Les novices en matière d'économie bleue auraient avantage à déployer leurs ressources en R-D autour des meilleures pratiques dans le domaine. Il leur faudra aller au-delà des modèles à faible émission de carbone et réduire leur impact global sur l'environnement en appliquant les principes de l'économie circulaire qui, en plus de protéger l'environnement, favorisent l'intégration sociale et maintiennent les flux de revenus actuels ou en créent de nouveaux.

Les entreprises plus expérimentées doivent être conscientes que la prochaine étape en matière de présentation de l'information financière relative aux changements climatiques concernera la protection de la nature et l'évaluation des impacts sur la chaîne d'approvisionnement et la chaîne de valeur.
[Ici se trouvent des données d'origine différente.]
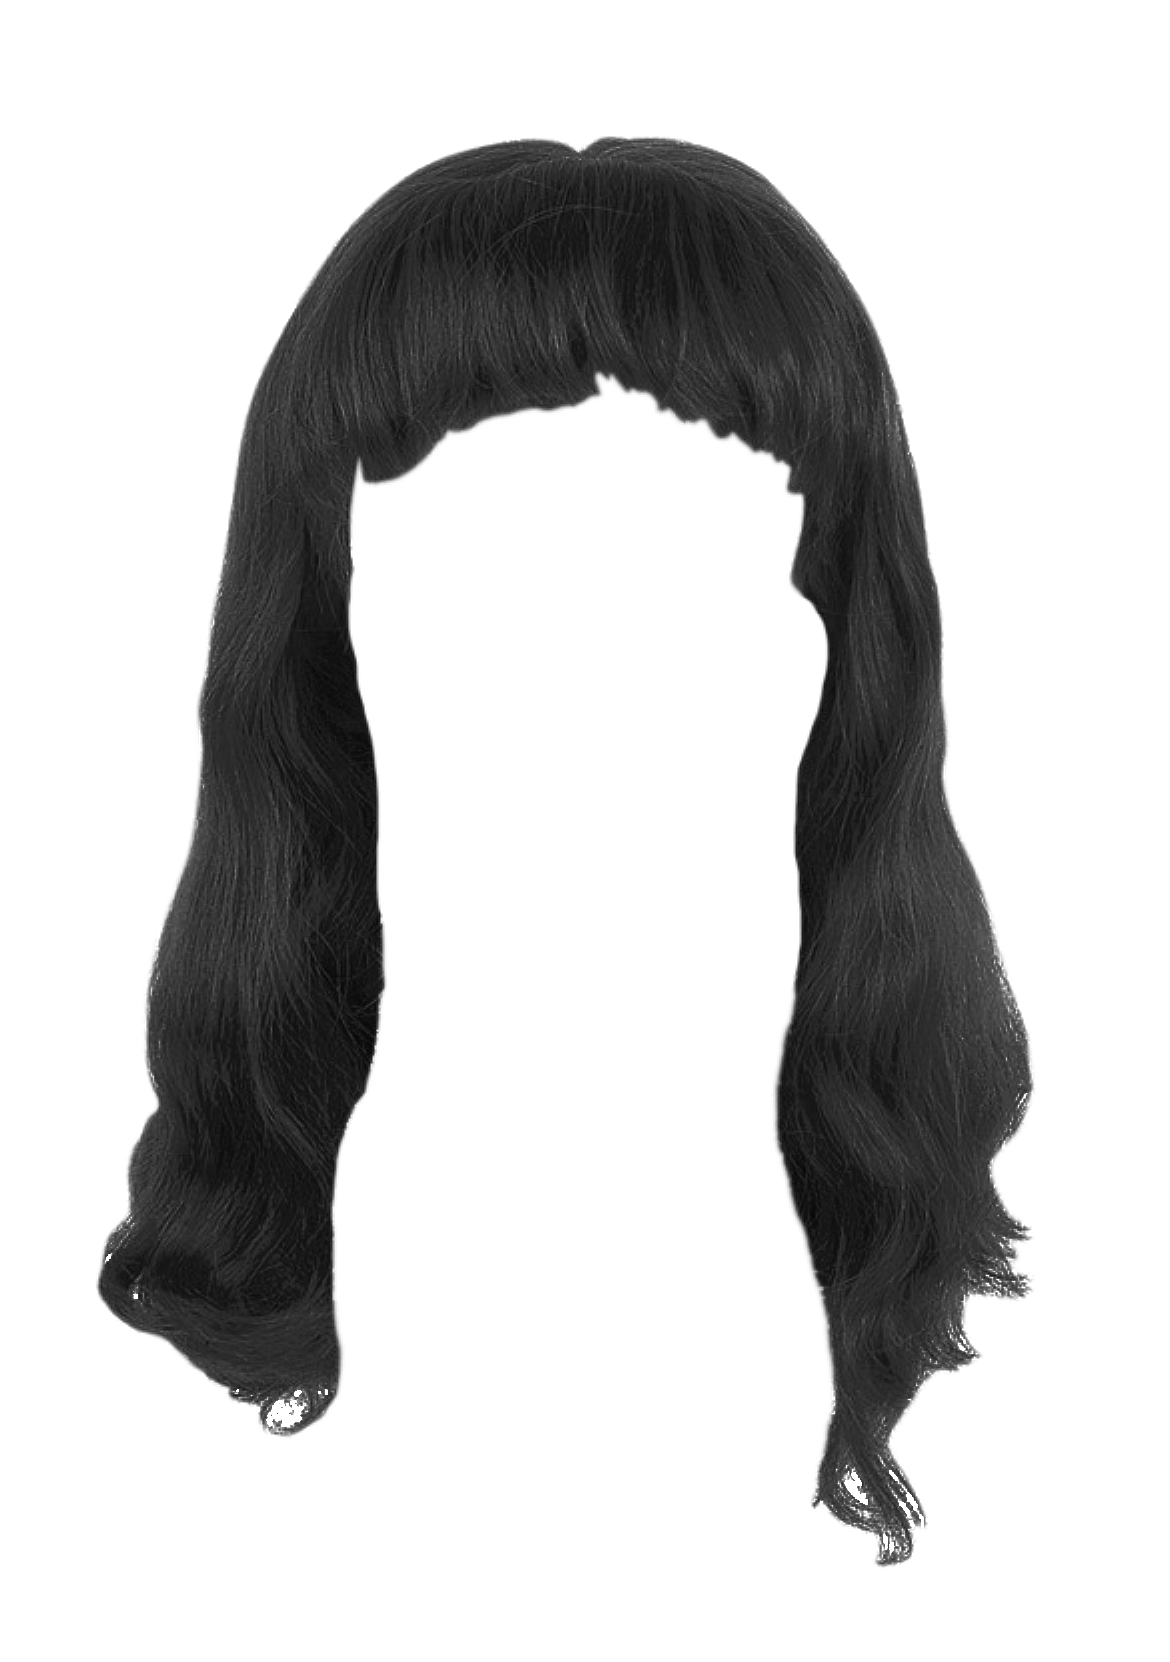 Girl Hair Png Transparent Image - Hair, Transparent background PNG HD thumbnail
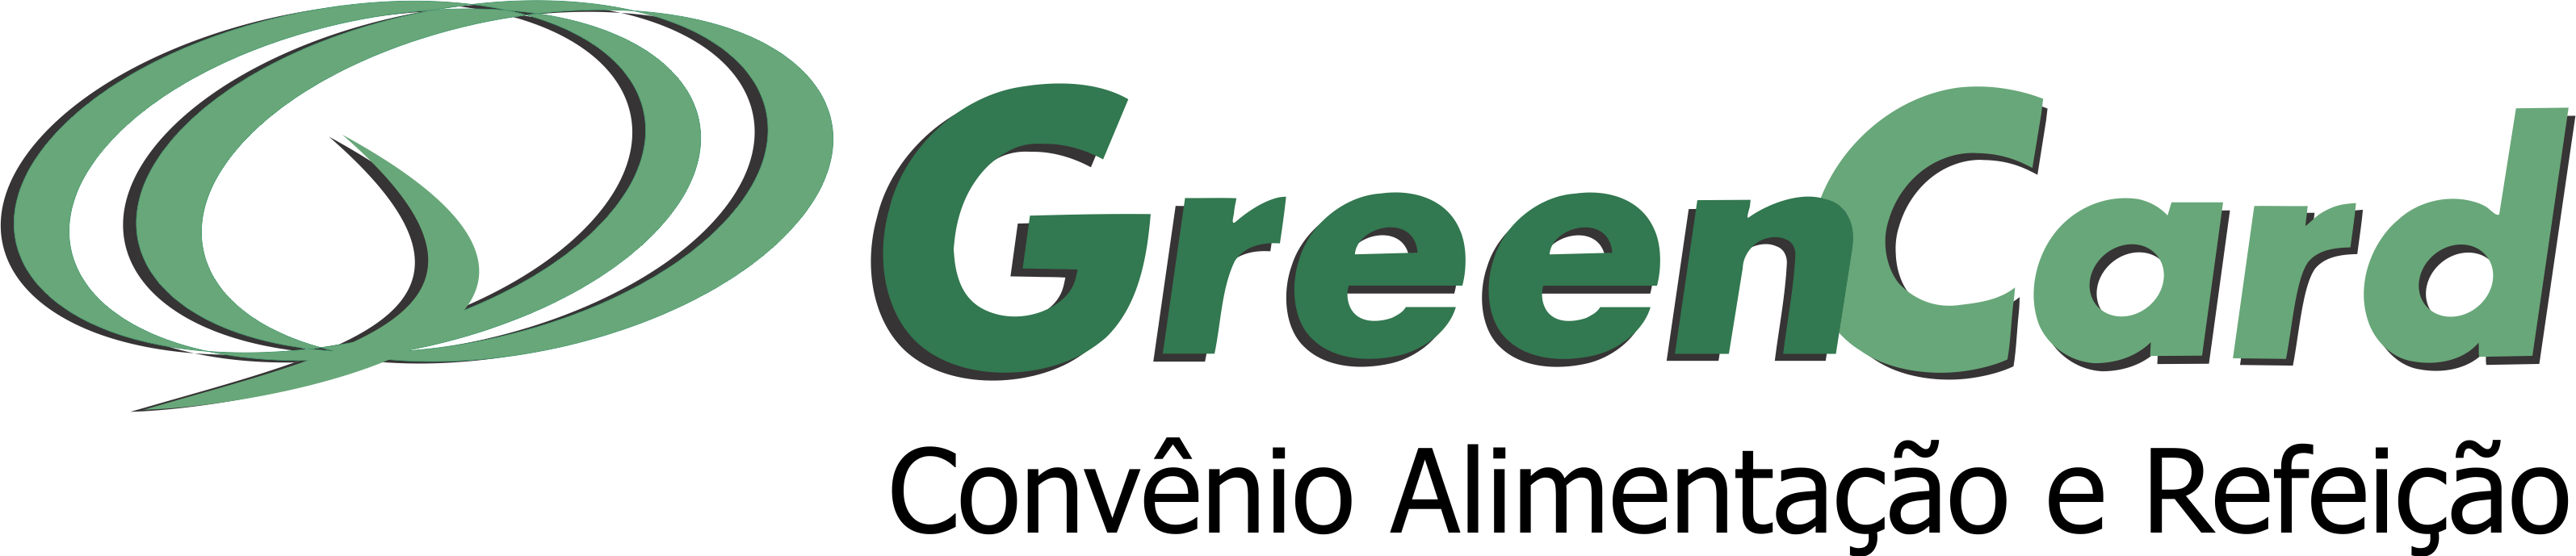 Carta verde

On attendra d'elles qu'elles considèrent d'autres options, comme les partenariats public-privé, pour financer l'innovation et les initiatives vertes et bleues dans leur exploration de nouveaux secteurs tels que les centres de données sous-marins, l'énergie thermique des océans et les navires autonomes.

Les industries terrestres doivent reconnaître et gérer leur impact sur l'économie bleue

Les économies océaniques et terrestres sont intrinsèquement liées, de sorte que certaines entreprises dépendent des océans sans le savoir. Les secteurs dont les chaînes d'approvisionnement sont transportées par voie maritime, de même que les industries à forte intensité de carbone et les sources terrestres de menaces marines, comme l'agriculture et les ressources naturelles, sont inclus dans le plan d'action bleu-vert.

À mesure qu'on connaît mieux les conséquences de la dégradation des océans, différents types d'industries terrestres devront réévaluer leur impact sur la chaîne de valeur des terres et des océans et réévaluer la valeur environnementale des océans.

L'opinion sociale est de plus en plus dictée par ce qui est « juste », et pas seulement par ce qui est « légal », et dans de nombreux marchés, la conformité réglementaire n'est plus considérée comme suffisante. La gestion de la réputation devient une priorité pour les entreprises novices des secteurs terrestres concernés. On attend de plus en plus d'elles qu'elles « internalisent les externalités » pour mieux gérer l'incidence de leurs activités sur la nature.

Toutes les entreprises devront acquérir une meilleure compréhension du rôle de l'économie océanique dans le contexte des changements climatiques afin d'analyser, de comprendre et de gérer les risques que la dégradation des océans fait peser sur les progrès réalisés dans le programme d'action pour le climat.

Les organisations chefs de file peuvent créer un environnement économique qui encourage les stratégies bleues, ainsi que la restauration et la protection des écosystèmes océaniques, par exemple en créant un marché du « carbone bleu » tout comme il existe un marché du carbone forestier.

Ces leaders pourraient également appliquer une tarification « sociale » en intégrant à leur cadre d'investissement des évaluations internes des ressources naturelles bleues reflétant la valeur de la conservation de la nature ou le coût des dommages causés à la société et à l'écosystème.

Dans presque tous les secteurs de l'économie, les entreprises n'auront d'autre choix que de gérer, dans une mesure plus ou moins importante, leur impact sur l'économie bleue. Le rapport You can't go green without blue est un excellent point de départ pour les aider à comprendre les enjeux, à approfondir leur réflexion et à réagir en entreprise responsable.